Verklaart het bewezen verklaarde strafbaar, kwalificeert dit als hiervoor vermeld en verklaart de verdachte strafbaar.
Veroordeelt de verdachte tot een
taakstrafvoor de duur van
30 (dertig) uren, indien niet naar behoren verricht te vervangen door
15 (vijftien) dagen hechtenis.
Dit arrest is gewezen door de meervoudige strafkamer van het gerechtshof Amsterdam, waarin zitting hadden mr. S. Clement, mr. A.M. van Amsterdam en mr. C. Fetter, in tegenwoordigheid van S. Vriend, griffier, en is uitgesproken op de openbare terechtzitting van dit gerechtshof van 19 oktober 2018.
Mr. S. Clement en mr. C. Fetter zijn buiten staat dit arrest te ondertekenen.
=========================================================================
proces-verbaal uitspraak
_______________________________________________________________ _ _
GERECHTSHOF AMSTERDAM
Afdeling strafrecht
Parketnummer: 23-000696-18
Proces-verbaal van de in het openbaar gehouden terechtzitting van dit gerechtshof, op 19 oktober 2018.
Tegenwoordig zijn:
mr. …. , raadsheer,
mr. S. Pesch, griffier.
Het openbaar ministerie wordt vertegenwoordigd door mr. M.M. Steinmetz, advocaat-generaal.

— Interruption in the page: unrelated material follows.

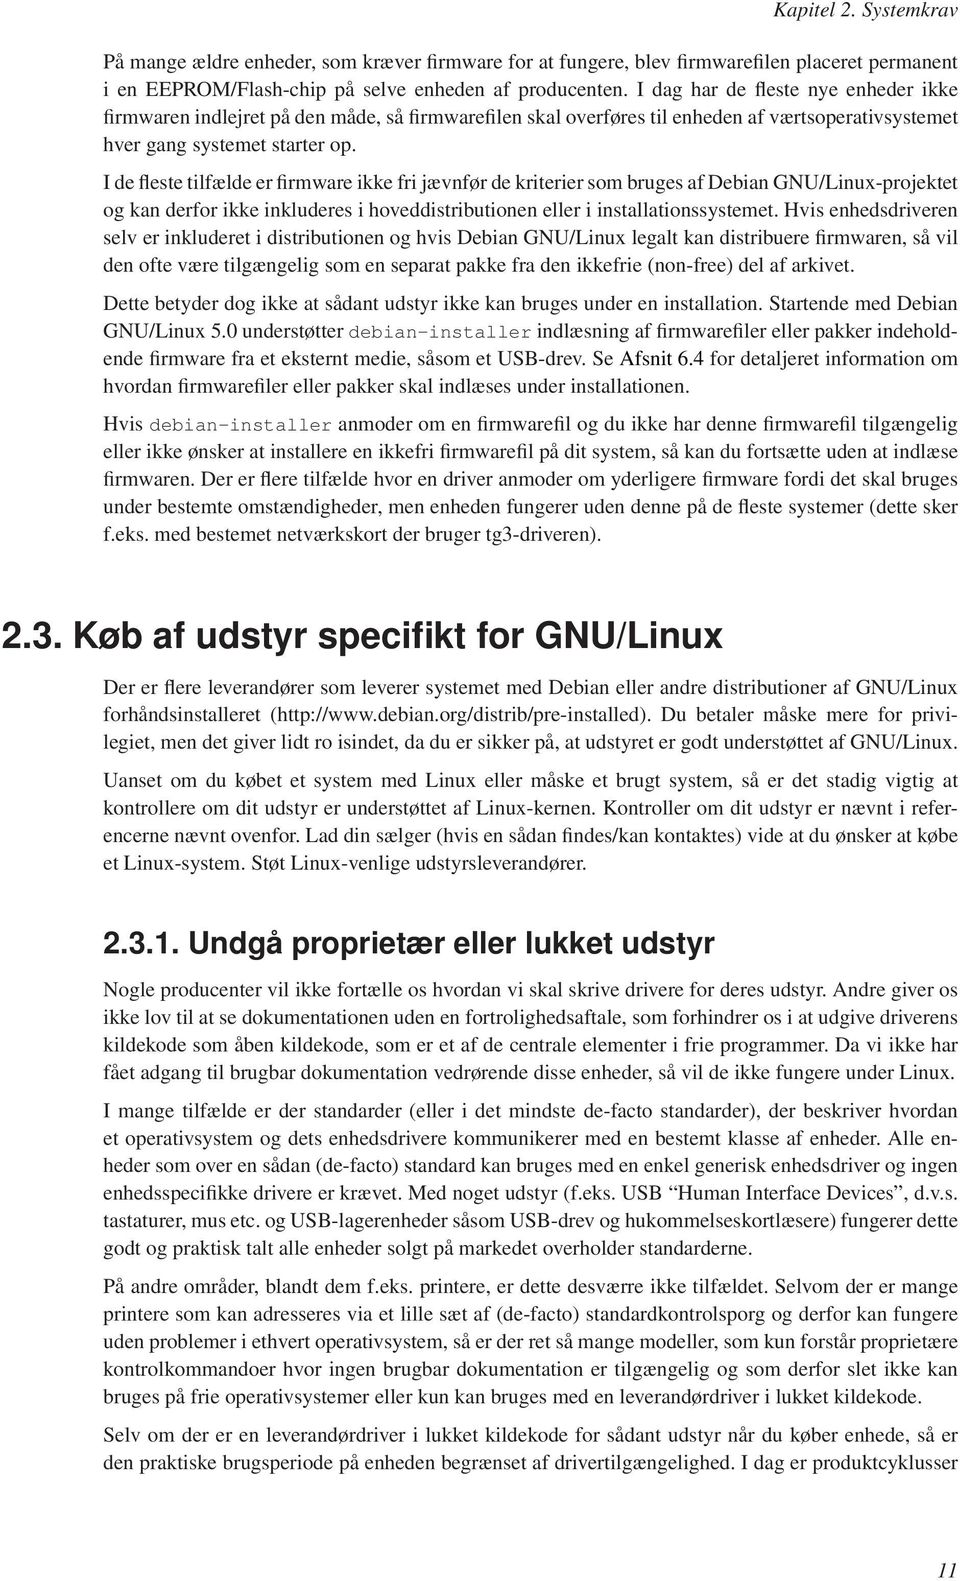 I de fleste tilfælde er firmware ikke fri jævnfør de kriterier som bruges af Debian GNU/Linux-projektet og kan derfor ikke inkluderes i hoveddistributionen eller i installationssystemet.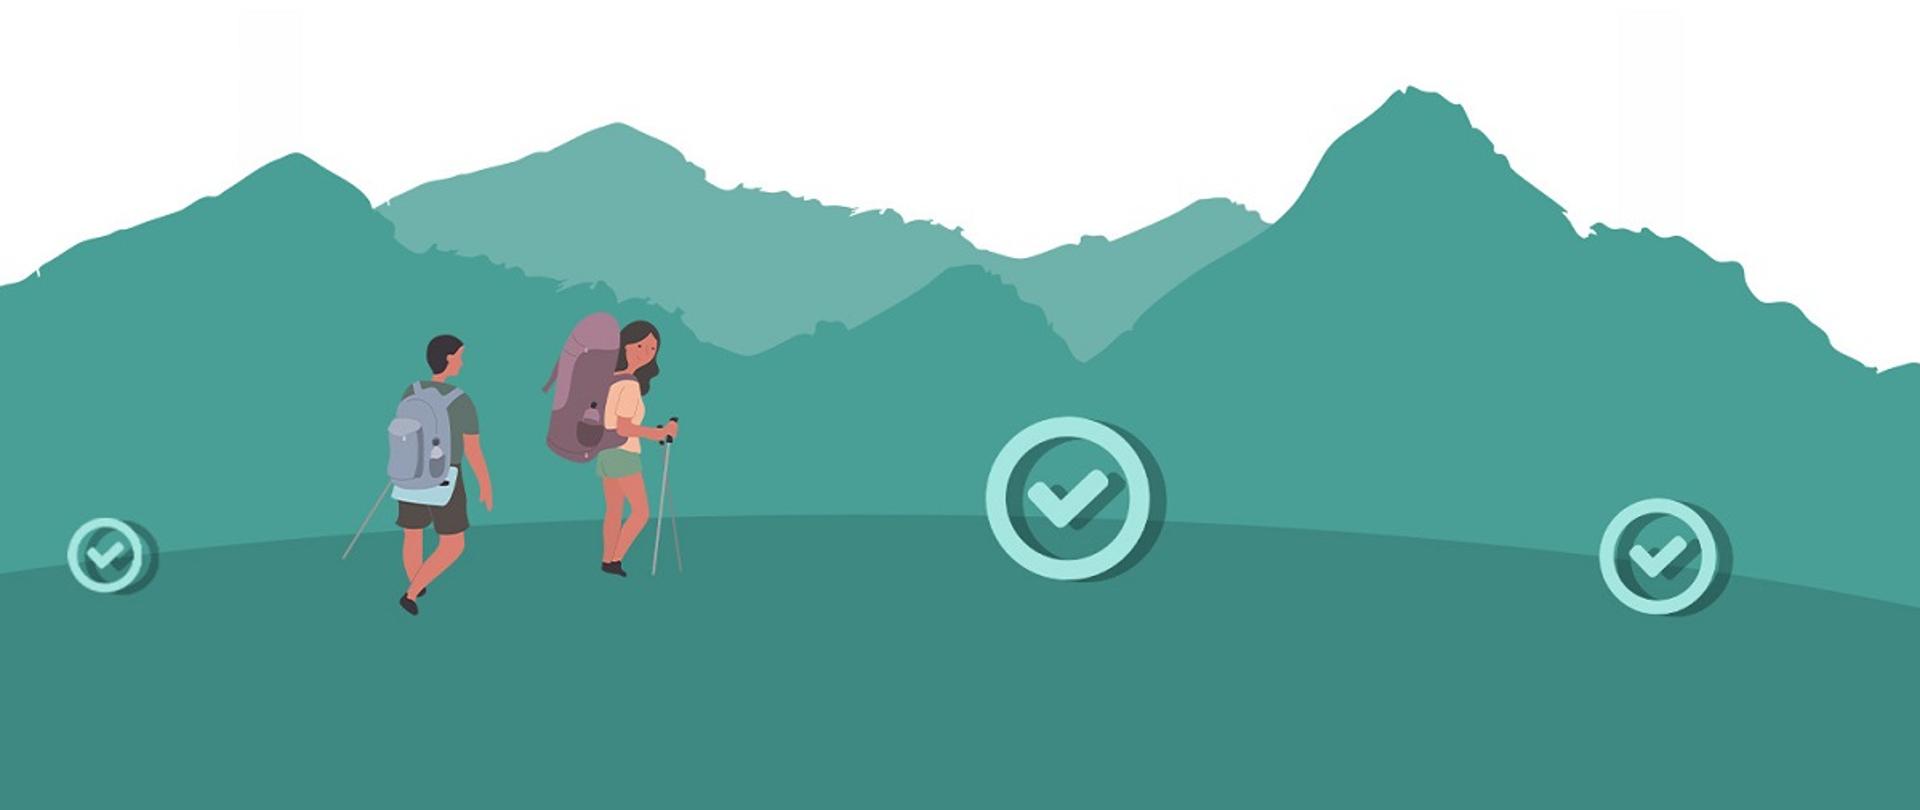 Grafika przedstawiająca turystów w górach - kobietę i mężczyznę z plecakami i kijkami w dłoniach. W tle panorama gór.

De raadsheer doet de zaak tegen de verdachte [verdachte] uitroepen.
De verdachte is
wel / nietin de zaal van de terechtzitting aanwezig.
Raadsman/raadsvrouw is
wel / nietaanwezig.
(zo ja:) naam raadsman/raadsvrouw en plaats:
Tolk is
wel / nietaanwezig. (zo ja:) naam tolk en taal:
De raadsheer spreekt het arrest uit.
De raadsheer geeft de verdachte kennis, dat daartegen binnen 14 dagen na heden beroep in cassatie kan worden ingesteld.
(indien de VTE is verschenen)
De verdachte heeft
wel / geenafstand gedaan van recht aanwezig te zijn bij de uitspraak.
(indien VTE is gedetineerd)
Waarvan is opgemaakt dit proces-verbaal, dat door de raadsheer en de griffier is vastgesteld en ondertekend.